Release Date: May 15, 2019
Received From: Review copy from the author
Tyson Falls is ready to get married. After being disowned by his parents, his adorably grumpy boyfriend has made cautiously optimistic Tyson embrace the concept of family again. Armed with a ring and the newest video game, Tyson has plans for the nerdiest proposal.
Life throws a wrench in Tyson’s plans when he meets someone online during a multiplayer match. Someone that makes him rethink if he’s ready to start a family—the half-sister he never knew he had.
With the harsh reminder of how messy families can be, Tyson plunges headfirst into despair. Phil doesn’t deserve to be dragged into such a terrible bond. As Tyson wades through trauma and tries to push away the concept of family, he keeps turning to the man he loves most—the person who challenges him to redefine family.
SEXUALITY: bisexual, homosexual
ROMANTIC ORIENTATION: biromantic, homoromantic
TROPES: age gap, found family
TAGS: adult, contemporary, romance, queer romance, queer characters, existing relationship, ownvoices
WARNINGS: mental abuse, emotional abuse, family, physical abuse, mental illness (depression, anxiety), anti-queer, anti-trans, racism, parental death, alcohol, sexual content, child abuse, parental illness, therapy mention, gaslighting, vomiting mention
As always, Chace Verity’s narrative voice is engaging and the storyline captivating! It was really wonderful to revisit some beloved characters–both Tyson and Phil, but also their friends and family–as well as meet new characters who’d become important to them.
This book is not nearly as lighthearted as TEAM PHISON, and I wasn’t expecting it to be, based on what the author had said about it online and in conversations we’d had. In this book, Tyson struggles with learning a huge secret his father had kept from him for his whole life, and clearly never intended to share, and has to figure out how to adapt to this new information and how it affects his current life. Knowing that, I wasn’t expecting puppies and rainbows, but it was much more difficult–emotionally–than I was anticipating. This time around, the story is solely from Tyson’s point of view, which is what made it hard for me, I think. His narrative is drenched in self-deprecation and self-hatred, which made it physically painful to read. In large part because it’s something that I, and I’m sure many others, can relate to. Poor Tyson is so sweet and lovely, and he’s been hurt so much that it invades practically every thought.

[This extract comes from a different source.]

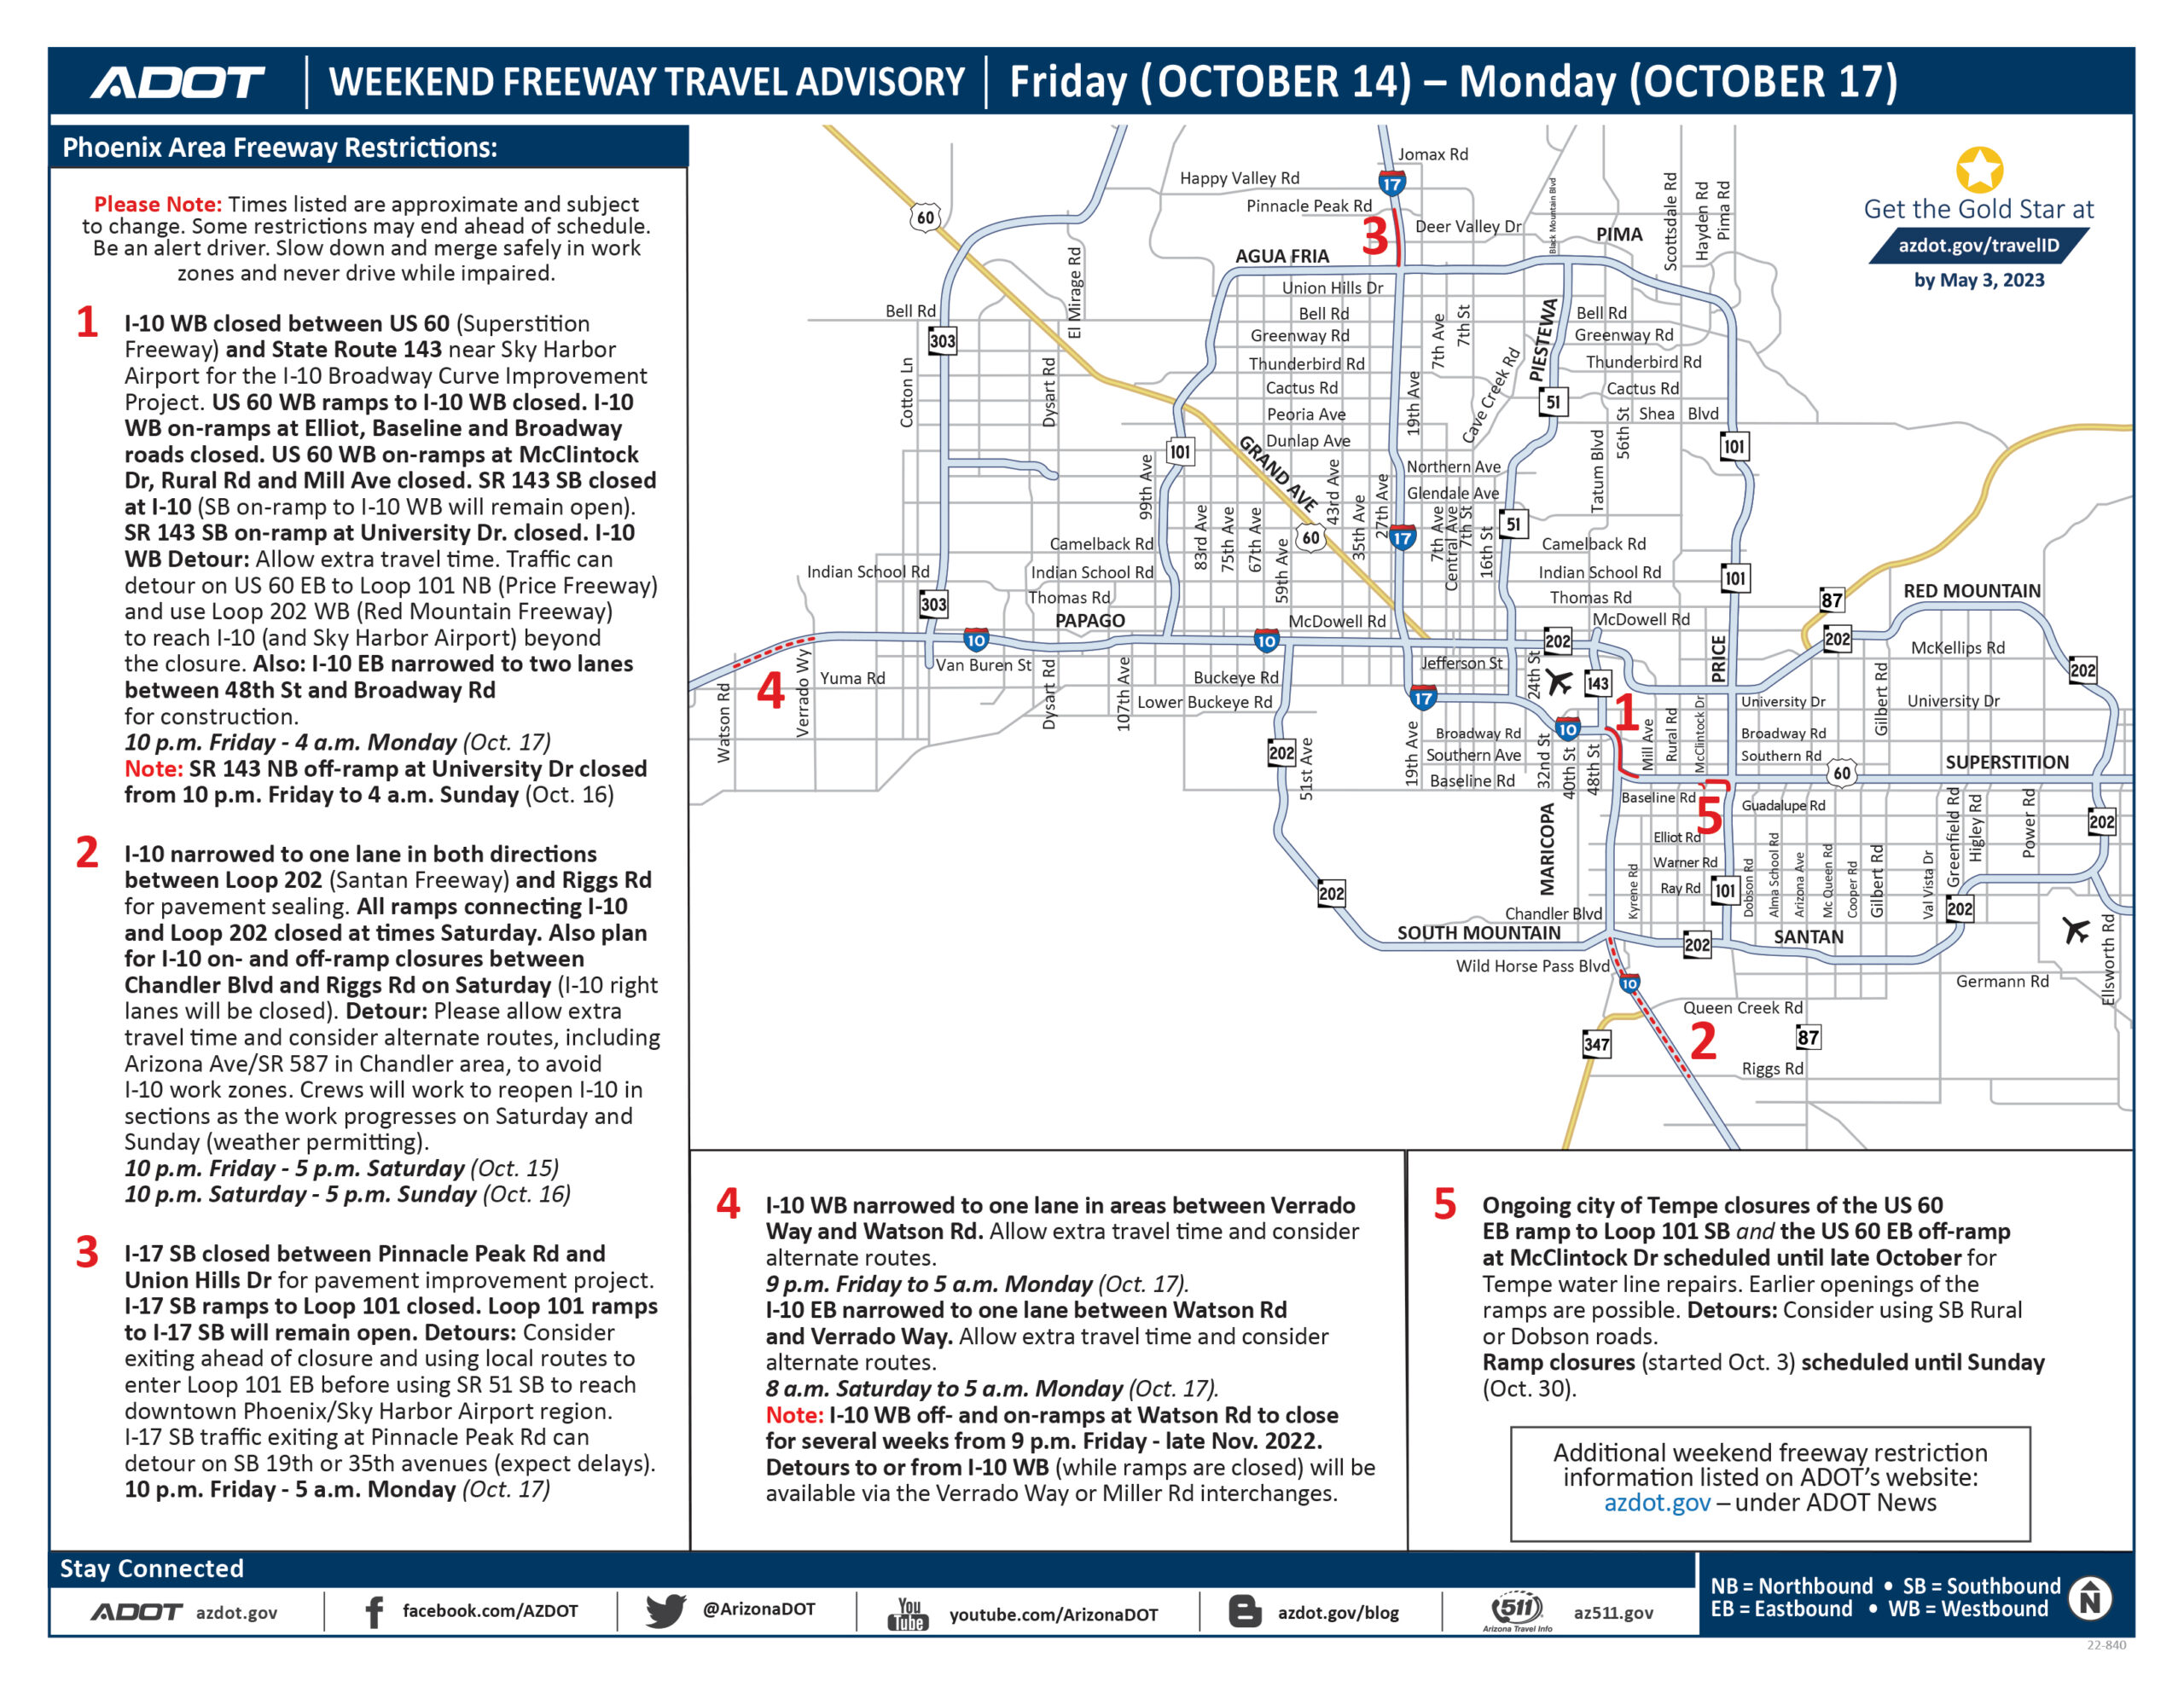 Phoenix-area freeway weekend travel restrictions, Oct. 14–17

The most difficult part of the novel for me, however, was Tyson’s concept of “family.” As someone who believes very strongly in the idea of “found family,” I struggled a lot with Tyson’s thought process regarding “family,” because according to his thinking for a very large chunk of the book, “family” means your blood relatives and no one else. It made it really painful for me to read the book when he was saying things like, “I won’t propose to Phil because if we don’t get married, we won’t be family.” I just kind of stared at my screen every time he said that, legitimately unable to comprehend. And the scene where he tells Manny, his best friend of many years, that they’re not family made me have to step away from the book for a while because it really broke my heart. Tyson is so smart, but he’s also so incredibly, unbelievably dense. He constantly compares those close to him to his biological family and thinks he has no one, when in reality, he’s got a whole big family outside of his blood relatives. This aspect of the novel actually made it really difficult for me to connect with Tyson for a large part of the story because this mindset kept repelling and pushing me out of the story.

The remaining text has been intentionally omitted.